**TASK DESCRIPTION**.
No pictures, please. Copy exactly the lines from the one with "icono sólido de" through the final line below.

**COLLECTED DATA**.
☆ ☆ ☆ ☆
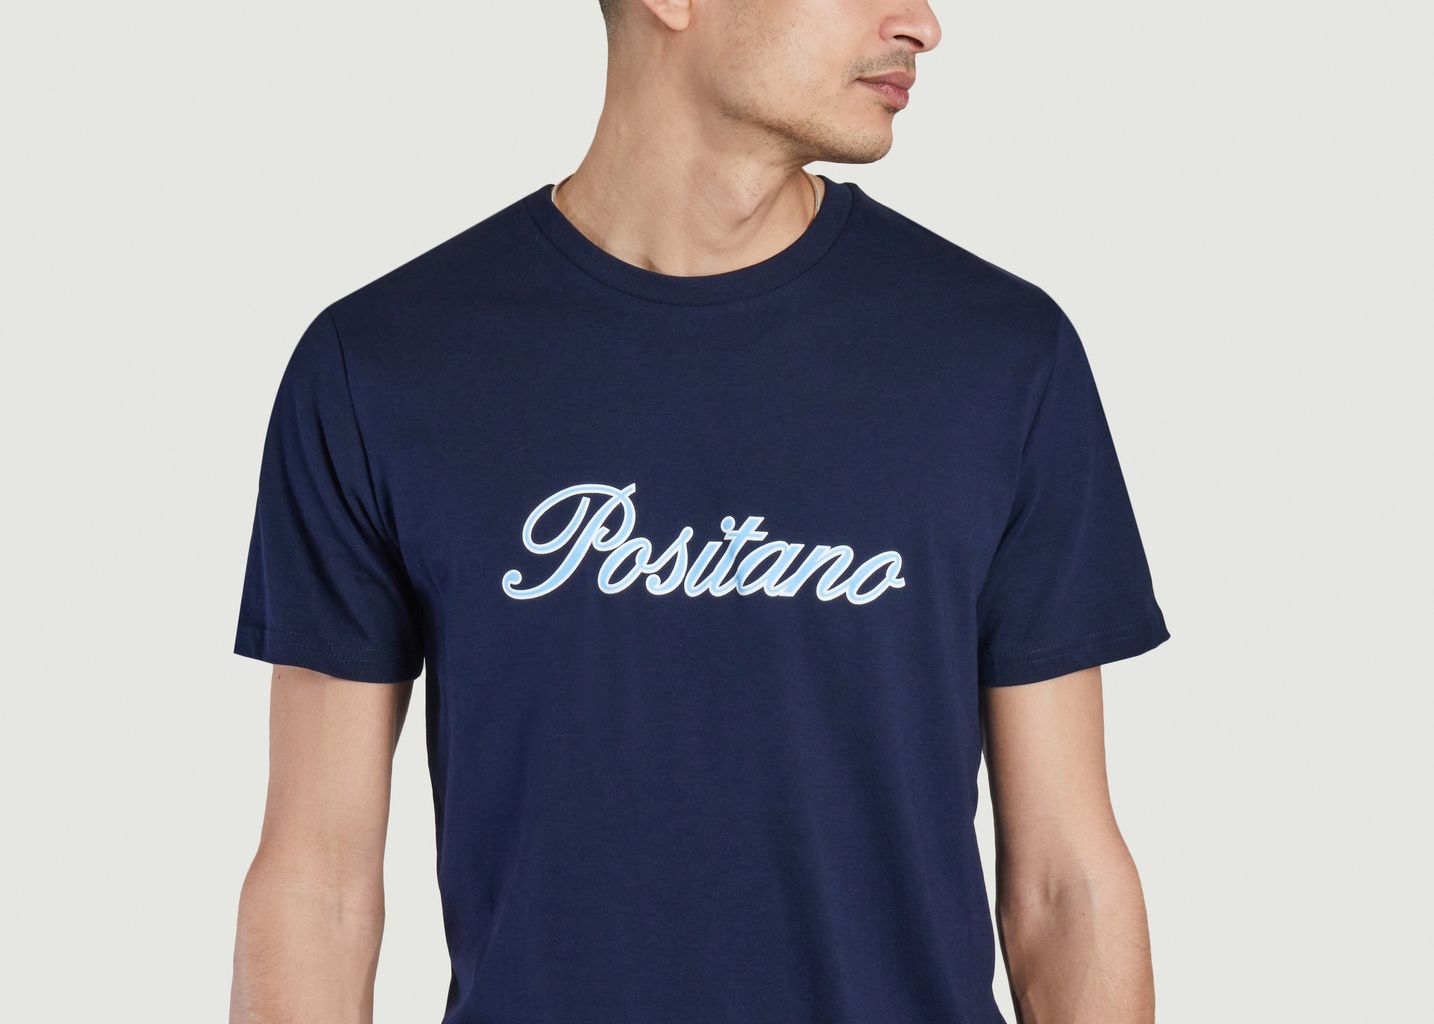 Tshirt Positano Italic - Harmony
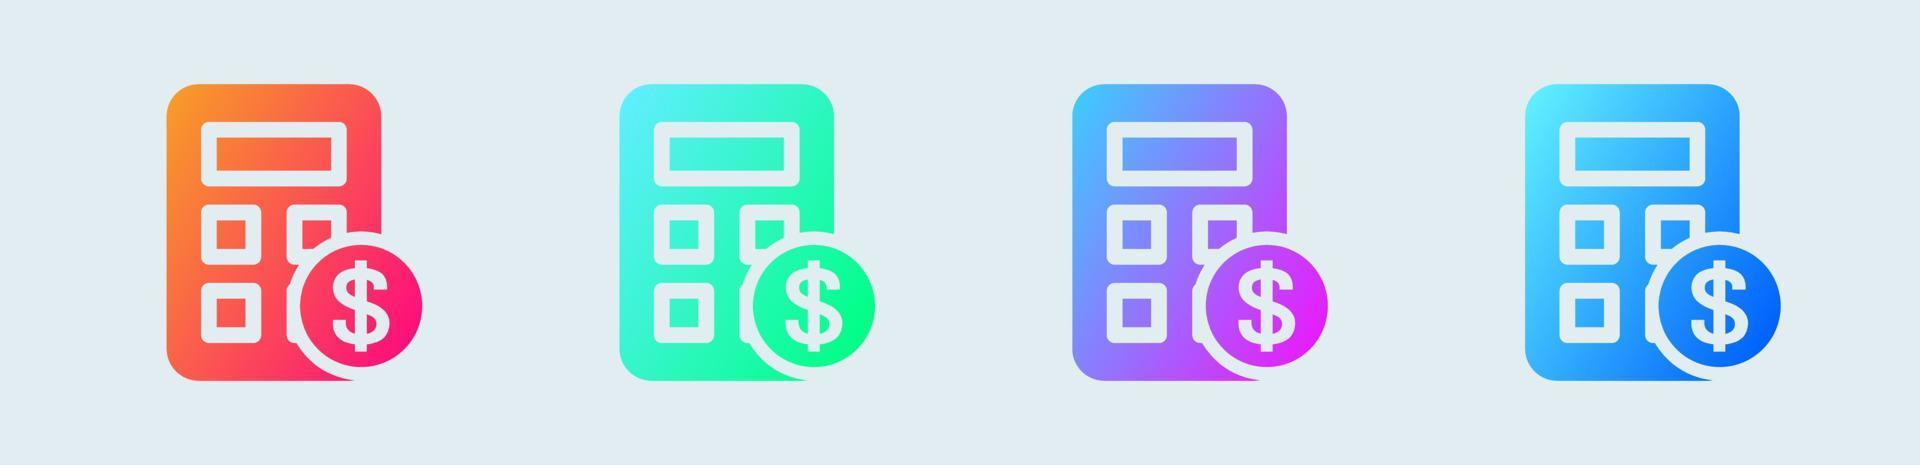 icono sólido de la calculadora en colores degradados. ilustración de vector de signos de finanzas.
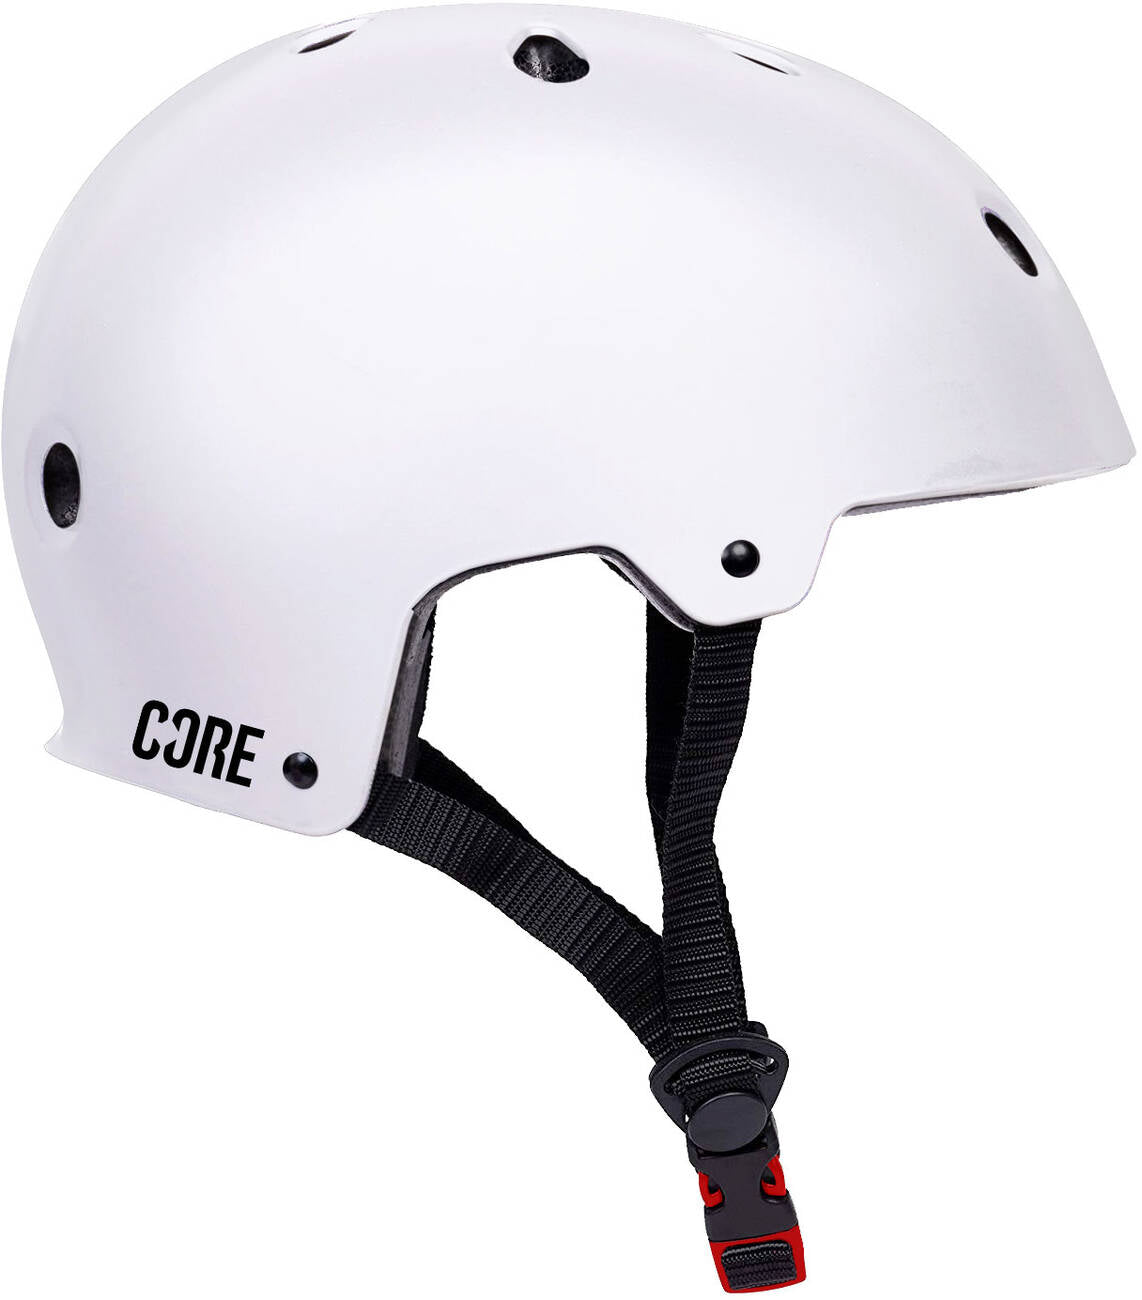 CORE Action Sports Helm Skate und Fahrradhelm weiß
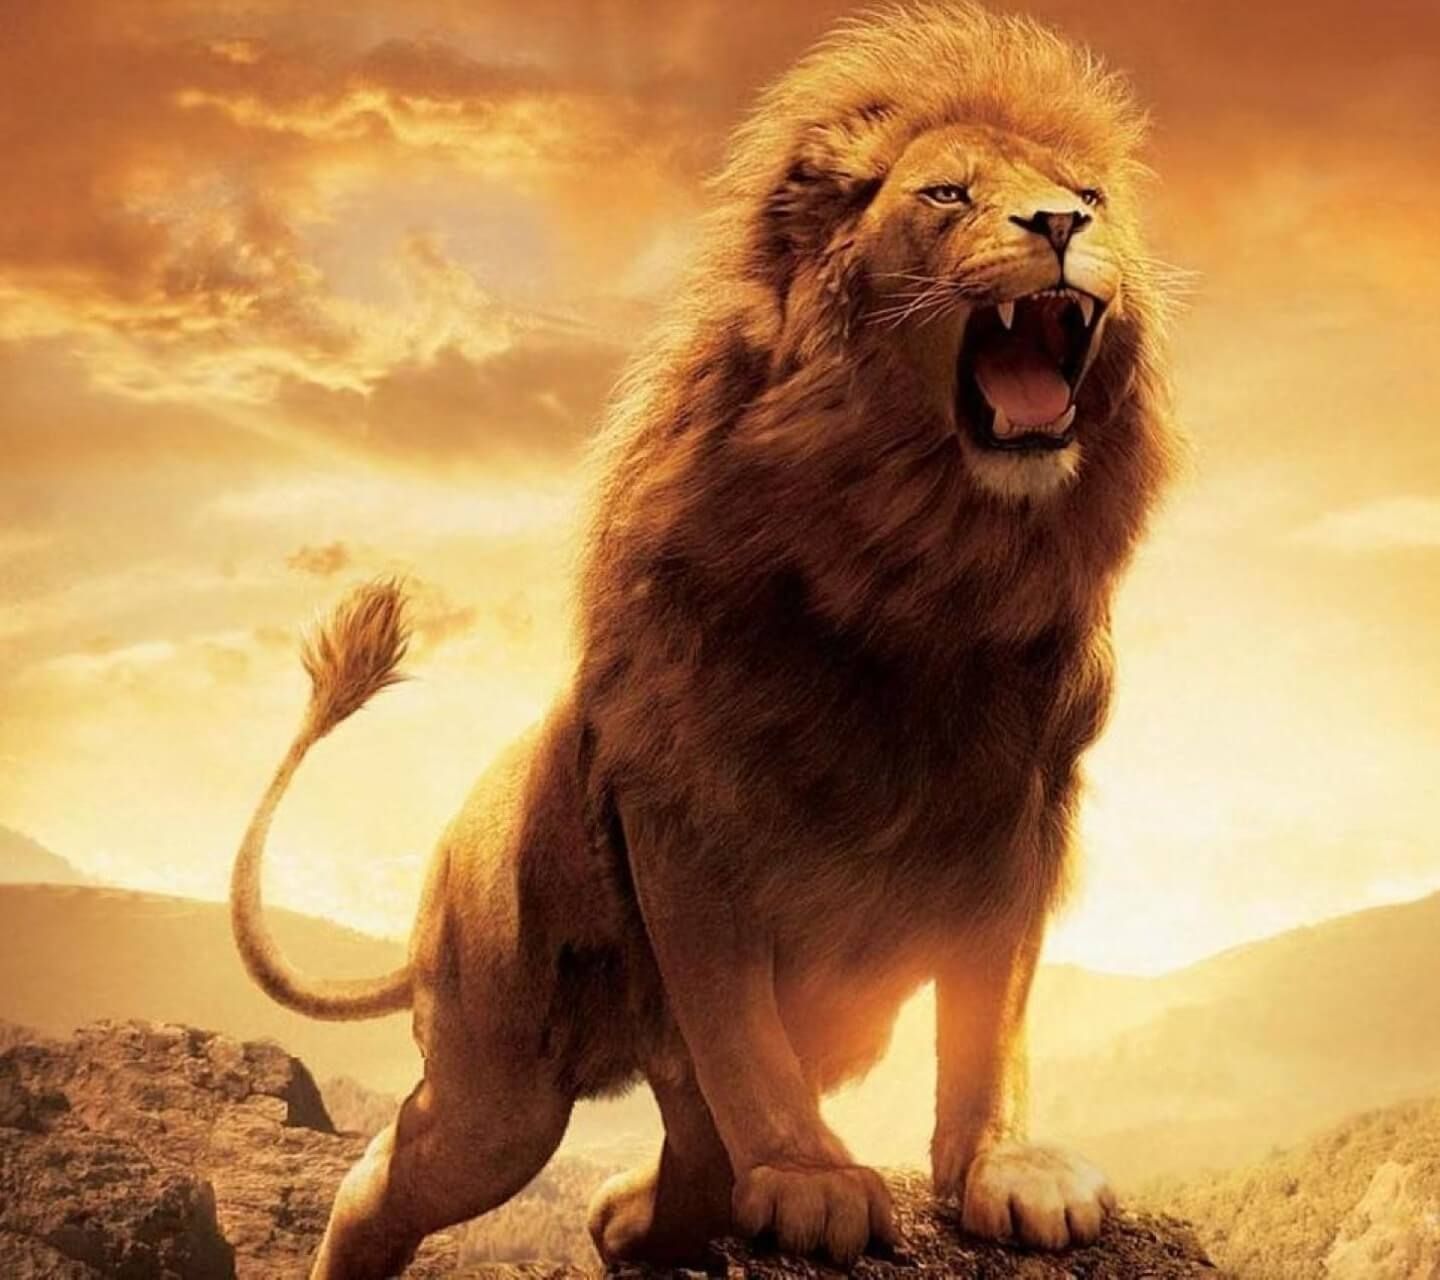 download dangerous lion images
☆ ☆ ☆ ☆
**RESPONSE FOR THIS EXERCISE**.
 icono sólido de la calculadora en colores degradados. ilustración de vector de signos de finanzas.
 CORE Action Sports Helm Skate und Fahrradhelm weiß
 download dangerous lion images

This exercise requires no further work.